It is a fundamental fact that two points uniquely determine a line. That is, given two distinct points, there is one and only one line that passes through these points.

How many (distinct) non-collinear points in the plane are required to determine a parabola? The answer is three.

This idea may be expressed by the following theorem:

###### Theorem

If two quadratic functions $$f(x) = ax^2+bx+c$$ and $$g(x)= Ax^2+Bx+C$$ take the same value for three different values of $$x$$, then $$f(x)=g(x)$$ for all values of $$x$$.

###### Proof

We start by observing that a quadratic equation can have at most two solutions.
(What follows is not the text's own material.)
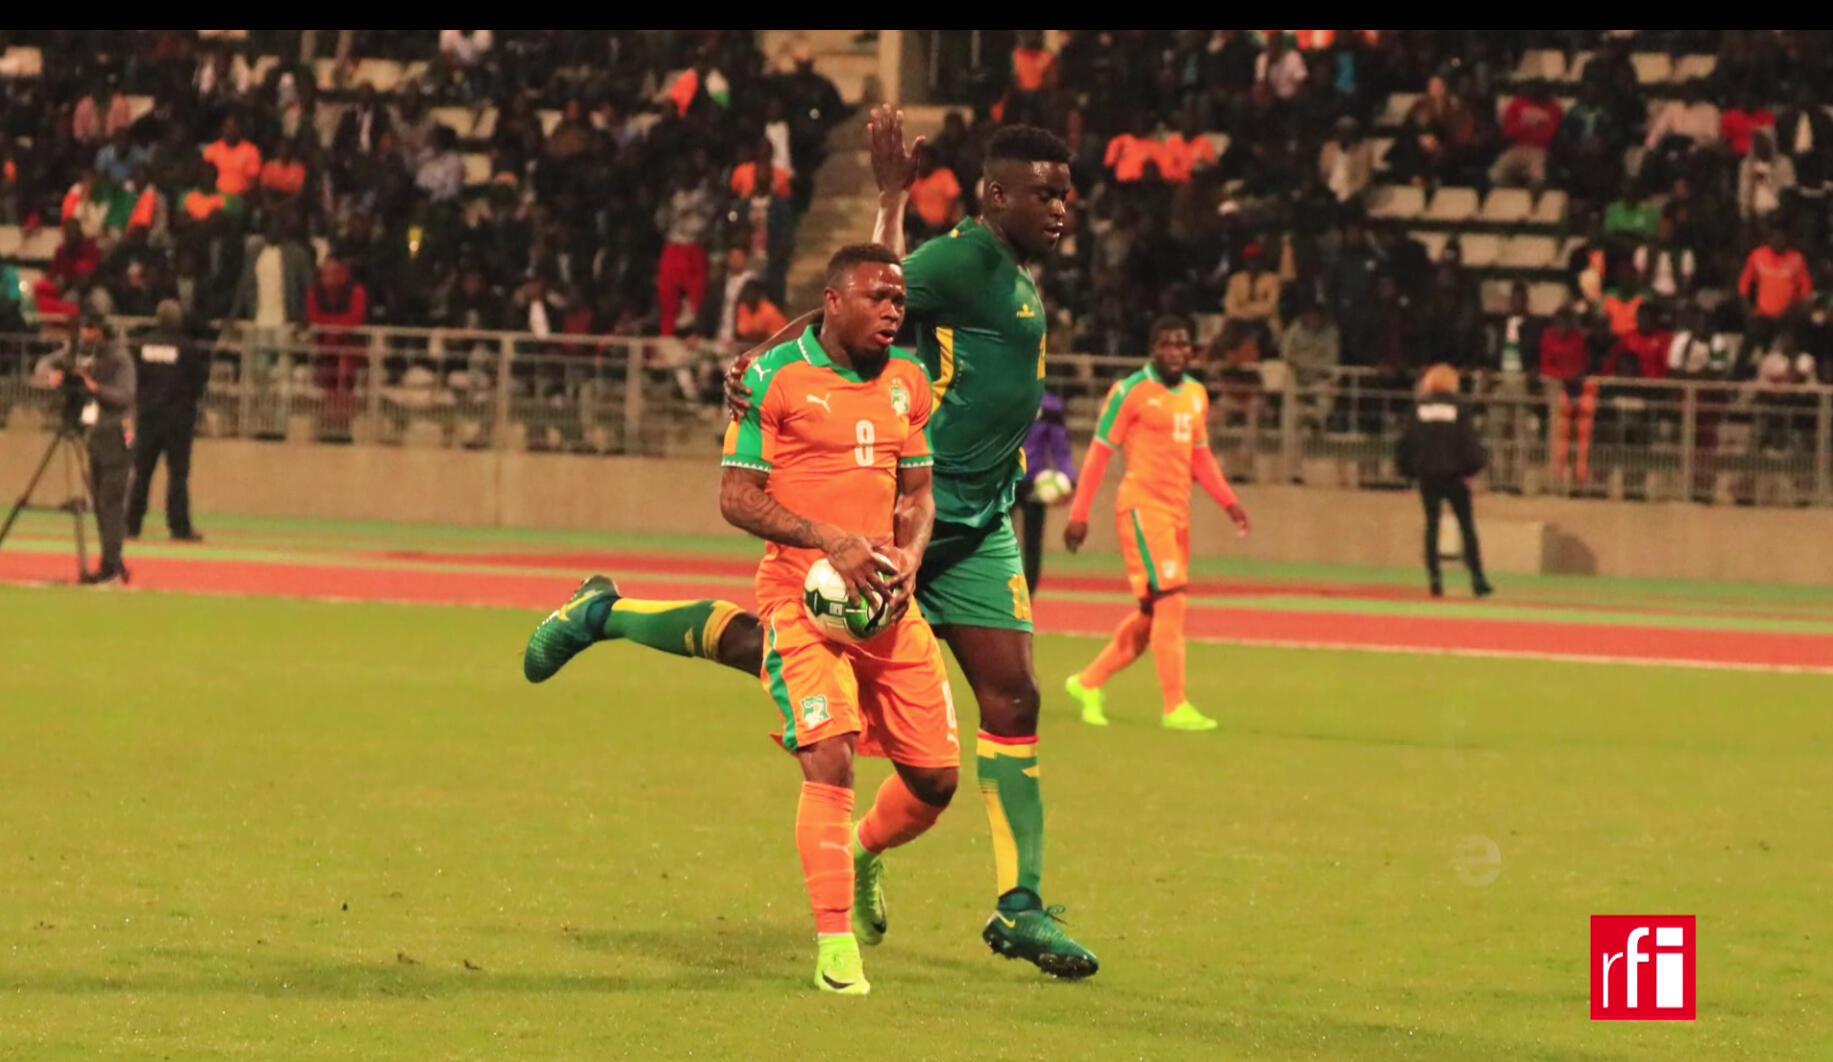 Le match Sénégal-Côte d'Ivoire au stade Charléty à Paris.

Hence, if the quadratic equation $$dx^2+ex+f=0$$ has more than two solutions, then $$d=e=f=0$$.

Now, if $$f(x)$$ and $$g(x)$$ agree for $$x=\alpha$$, $$x=\beta$$ and $$x=\gamma$$, then

$f(x)-g(x) = (a-A)x^2+(b-B)x+(c-C)=0$

when $$x= \alpha$$, $$x=\beta$$ and $$x=\gamma$$. In that case, the quadratic equation above has three different solutions and so the coefficients are 0. Thus, $$a=A$$, $$b=B$$ and $$c=C$$, and so $$f(x)=g(x)$$ as claimed. $$\Box$$

#### Example

Find the equation of the quadratic function whose graph passes through $$(-1, 2)$$, $$(0,3)$$ and $$(1,6)$$.

#### Solution

Suppose the equation is $$y=ax^2+bx+c$$. Substituting the coordinates of the three points, we have

$2=a-b+c, \qquad 3=c, \qquad 6=a+b+c.$

Thus, $$c=3$$ and so $$a-b=-1$$ and $$a+b=3$$. Therefore $$a=1$$ and $$b=2$$.

Hence the function is $$y=x^2+2x+3$$.

##### Exercise 11

Express $$x^2$$ in the form $$a(x-1)^2+b(x-2)^2+c(x-3)^2$$.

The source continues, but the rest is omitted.